For good measure, I also tried starting up a container running a Python container and generating an error with that to see if it was an issue with the Go patterns. I had the same results:

{"log":"Traceback (most recent call last):\r\n","stream":"stdout","time":"2019-09-13T21:53:25.983143026Z"}
{"log":"  File \"\u003cstdin\u003e\", line 1, in \u003cmodule\u003e\r\n","stream":"stdout","time":"2019-09-13T21:53:25.983167688Z"}
{"log":"TypeError: object of type 'NoneType' has no len()\r\n","stream":"stdout","time":"2019-09-13T21:53:25.983561083Z"}
{"log":"\u003e\u003e\u003e with open('test')\u0008\u001b[K\r\n","stream":"stdout","time":"2019-09-13T21:53:35.53158531Z"}
{"log":"KeyboardInterrupt\r\n","stream":"stdout","time":"2019-09-13T21:53:35.531647904Z"}
{"log":"\u003e\u003e\u003e exit9)\r\n","stream":"stdout","time":"2019-09-13T21:53:37.767546882Z"}
{"log":"  File \"\u003cstdin\u003e\", line 1\r\n","stream":"stdout","time":"2019-09-13T21:53:37.767601662Z"}
{"log":"    exit9)\r\n","stream":"stdout","time":"2019-09-13T21:53:37.767612274Z"}
{"log":"         ^\r\n","stream":"stdout","time":"2019-09-13T21:53:37.76762005Z"}
{"log":"SyntaxError: invalid syntax\r\n","stream":"stdout","time":"2019-09-13T21:53:37.767630672Z"}

I'm not sure what I'm doing wrong here, so any guidance (configuration or even just how to debug a fluentd plugin) would be super appreciated!
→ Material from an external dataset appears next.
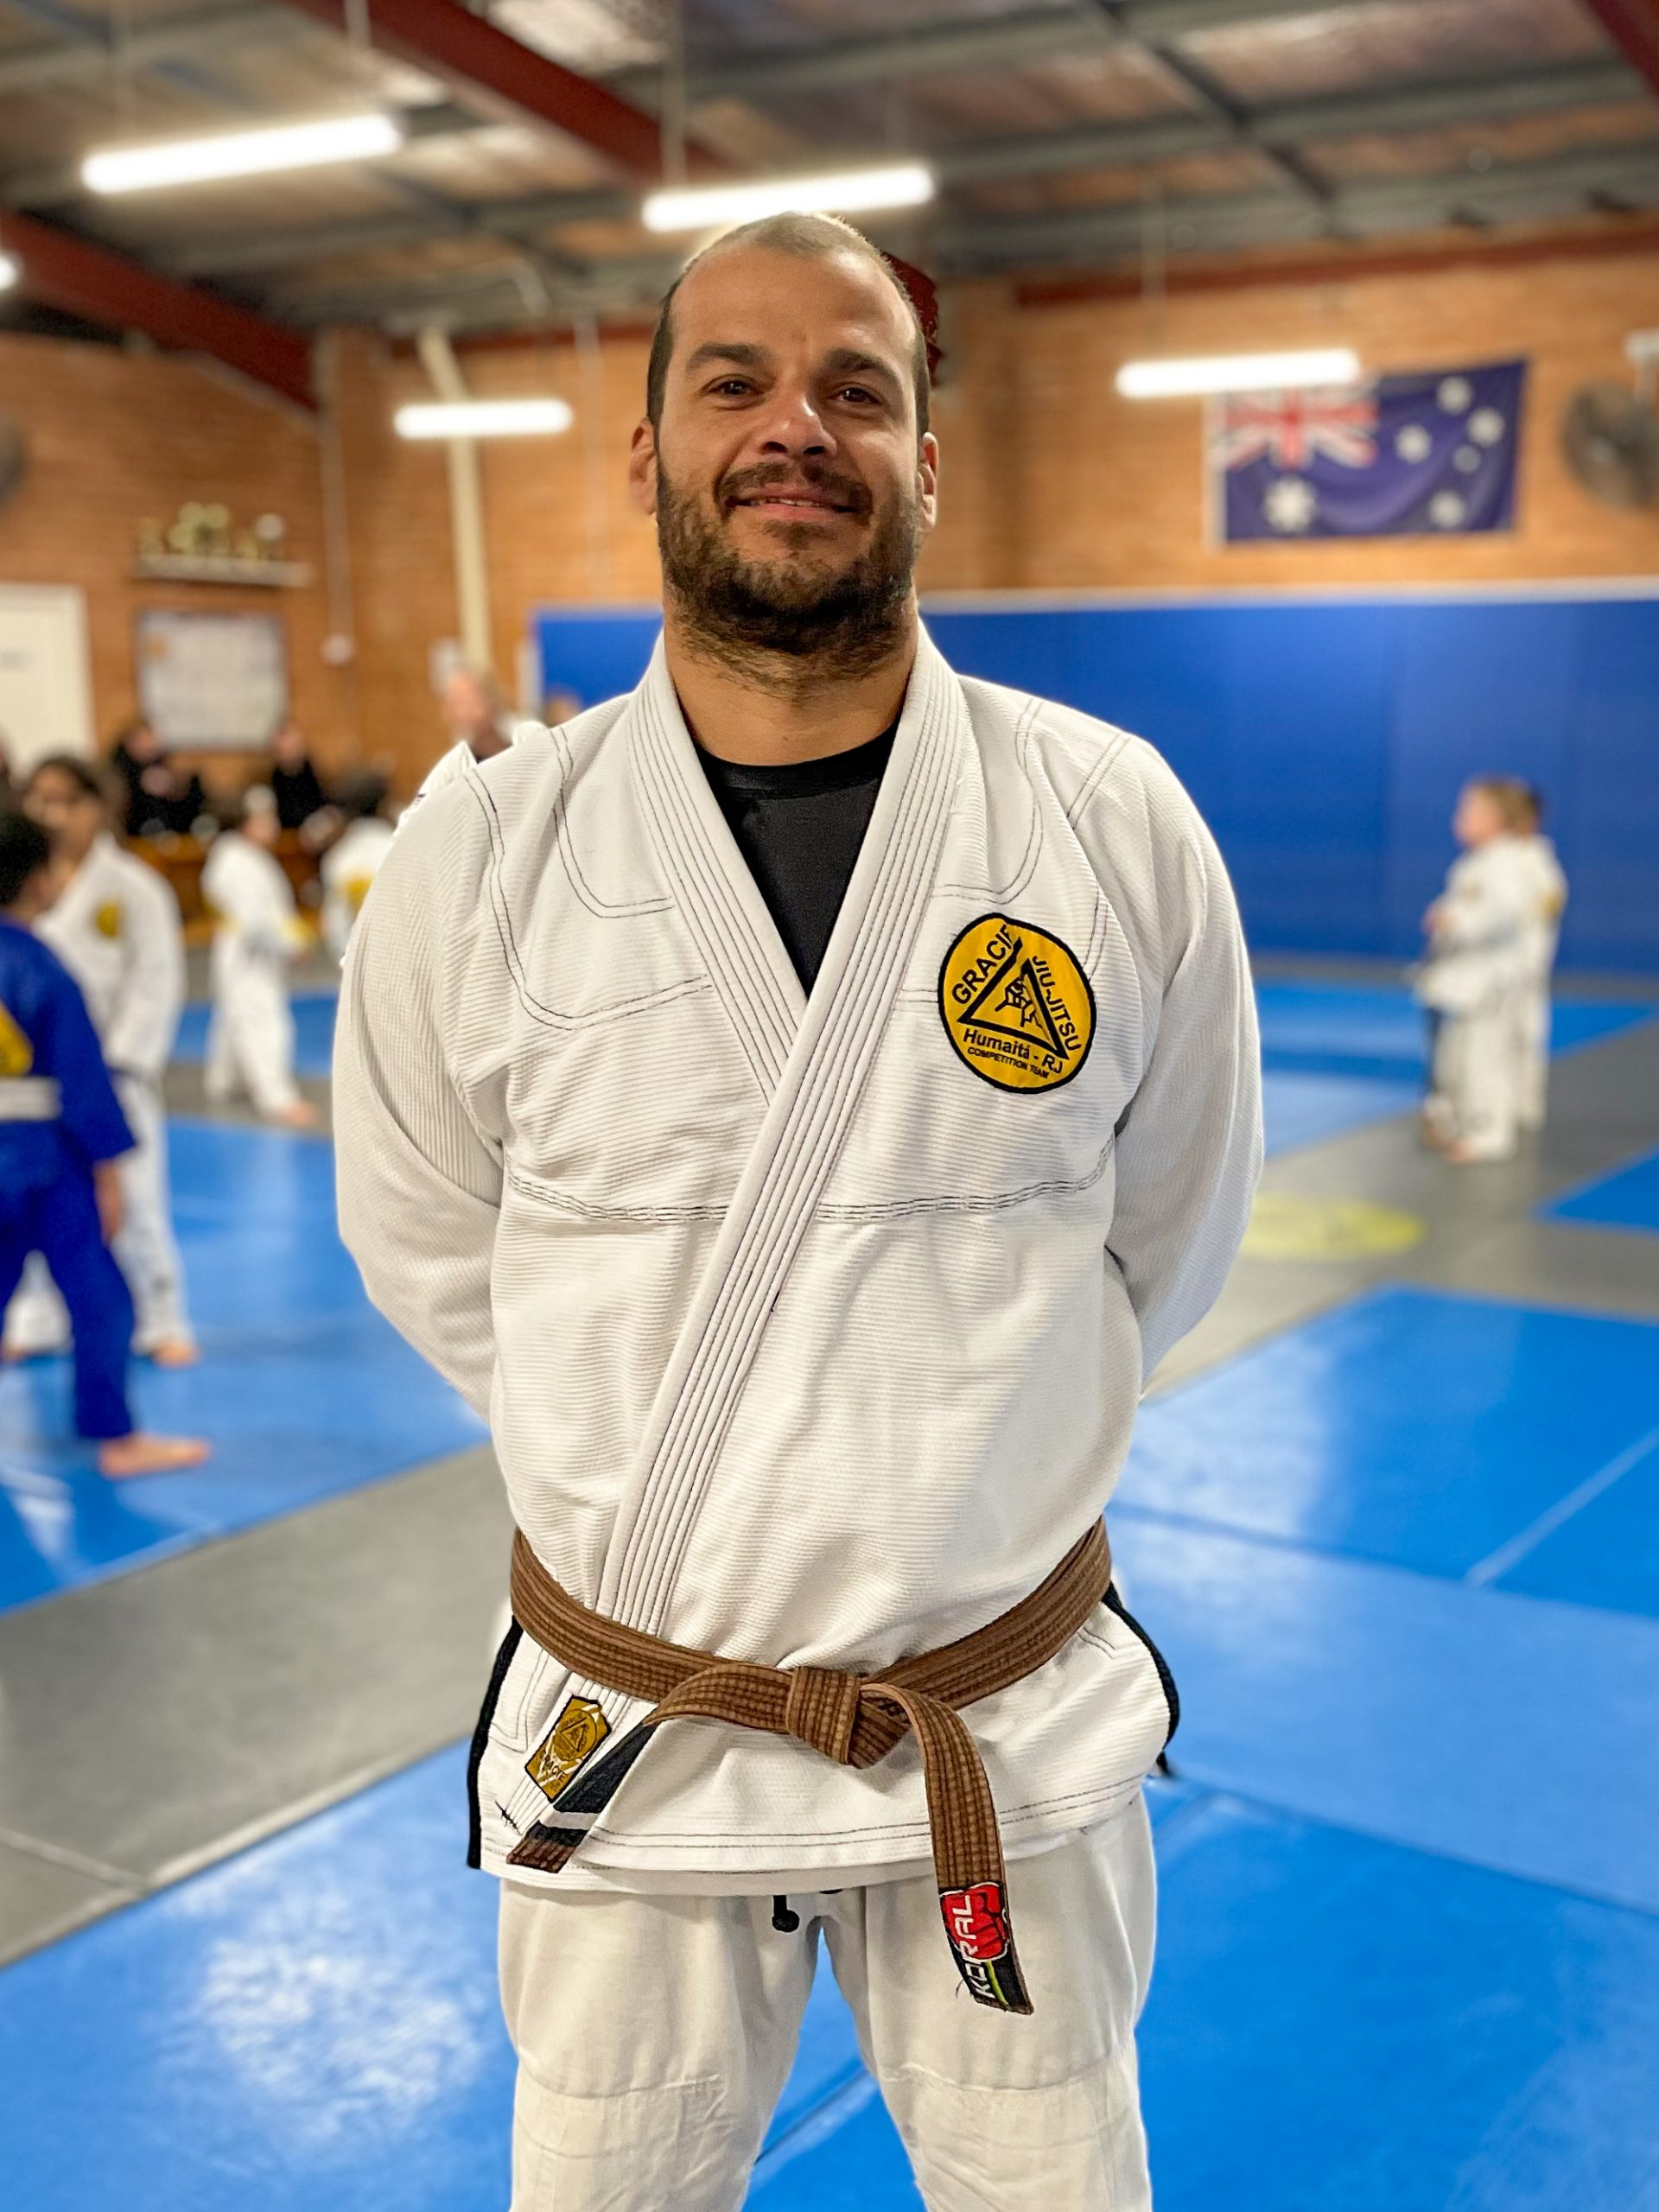 Diego Prates

It looks like the plugin is being called though as it removes the raw tag successfully.

ddides commented 5 years ago

Was thinking about this a little more and thought it was worth mentioning -- the logs are being forwarded to Elasticsearch ultimately and viewed on Kibana, and that's where I'm seeing that they are individual lines as well.
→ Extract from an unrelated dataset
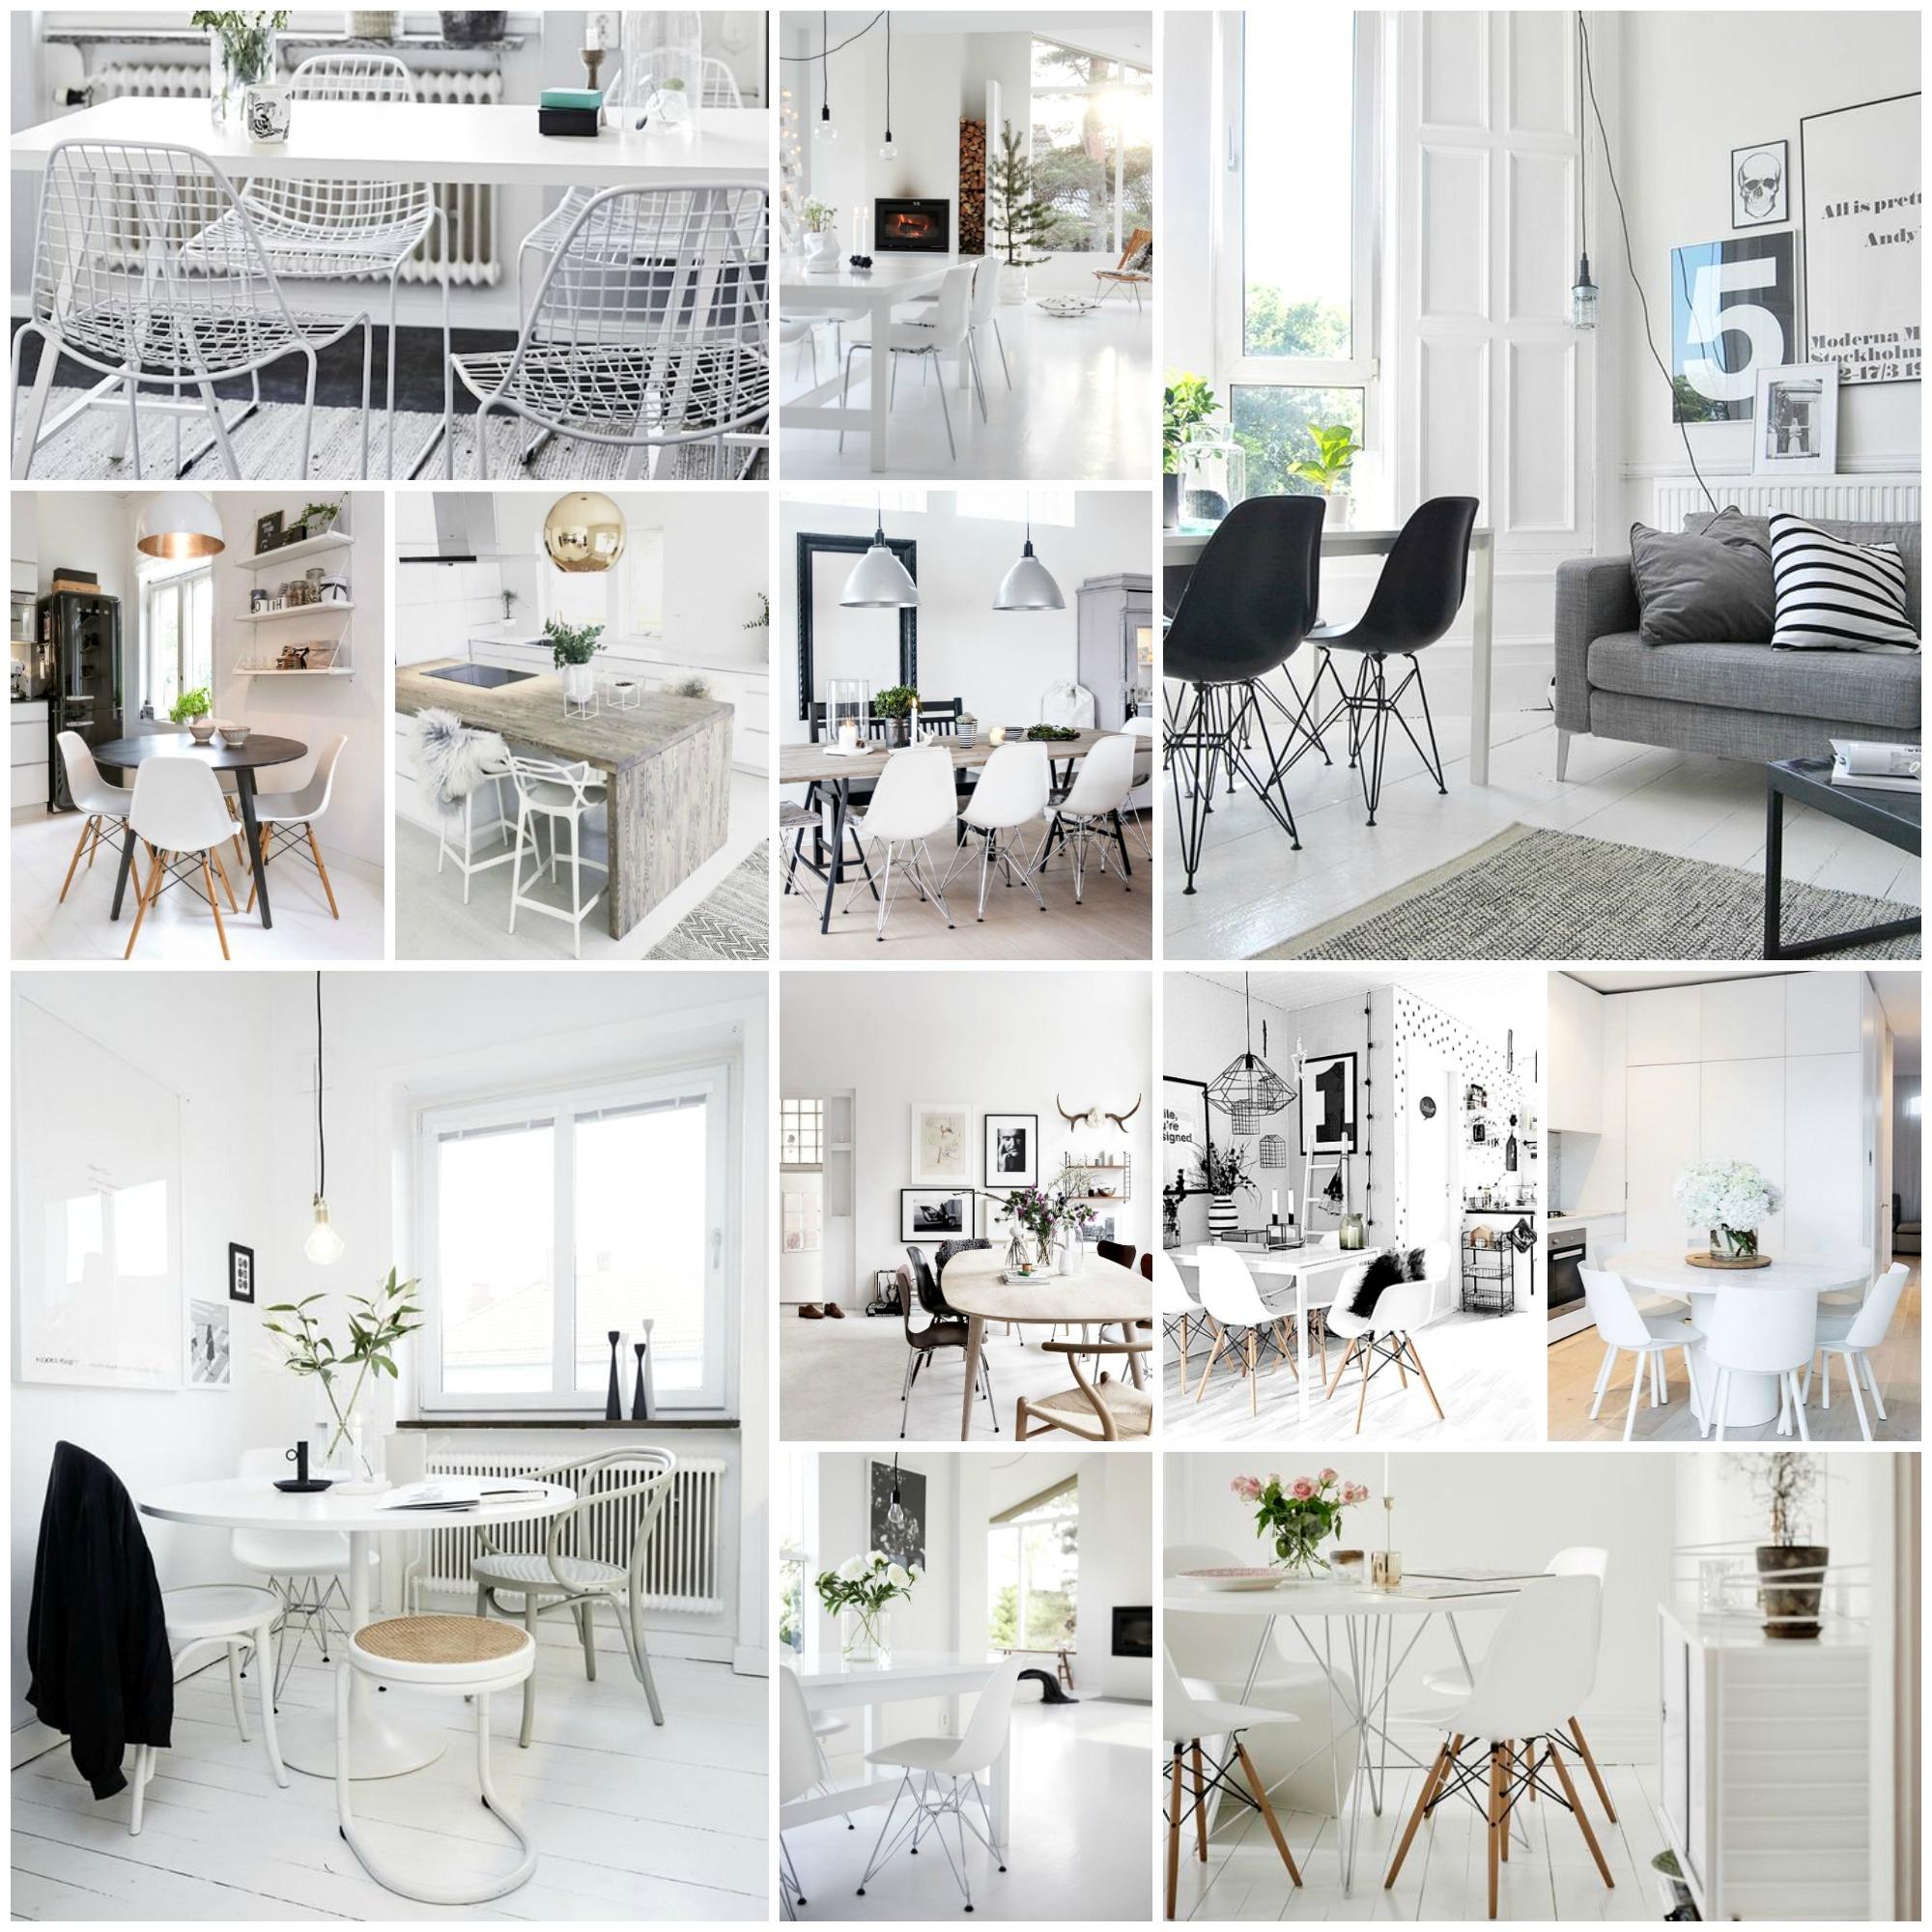 keittiönpöydän tuolit

taraspos commented 4 years ago

@ddides the plugin expects proper Golang panic (exception/crash), which looks like:

panic: runtime error: invalid memory address or nil pointer dereference
[signal SIGSEGV: segmentation violation code=0xffffffff addr=0x0 pc=0xe01da]

goroutine 1 [running]:
main.main()
    /tmp/sandbox382288397/prog.go:10 +0x1a

playground example

you can find the defined pattern here: https://github.com/GoogleCloudPlatform/fluent-plugin-detect-exceptions/blob/master/lib/fluent/plugin/exception_detector.rb#L97-L98

In your case, this is programmatically generated StackTrace debug.PrintStack(), which is not and panic.

igorpeshansky commented 4 years ago

Thanks, @Trane9991! That is absolutely correct. Sounds like WAI.

ddides commented 4 years ago

Thanks for the information! Sorry I missed this response back in March.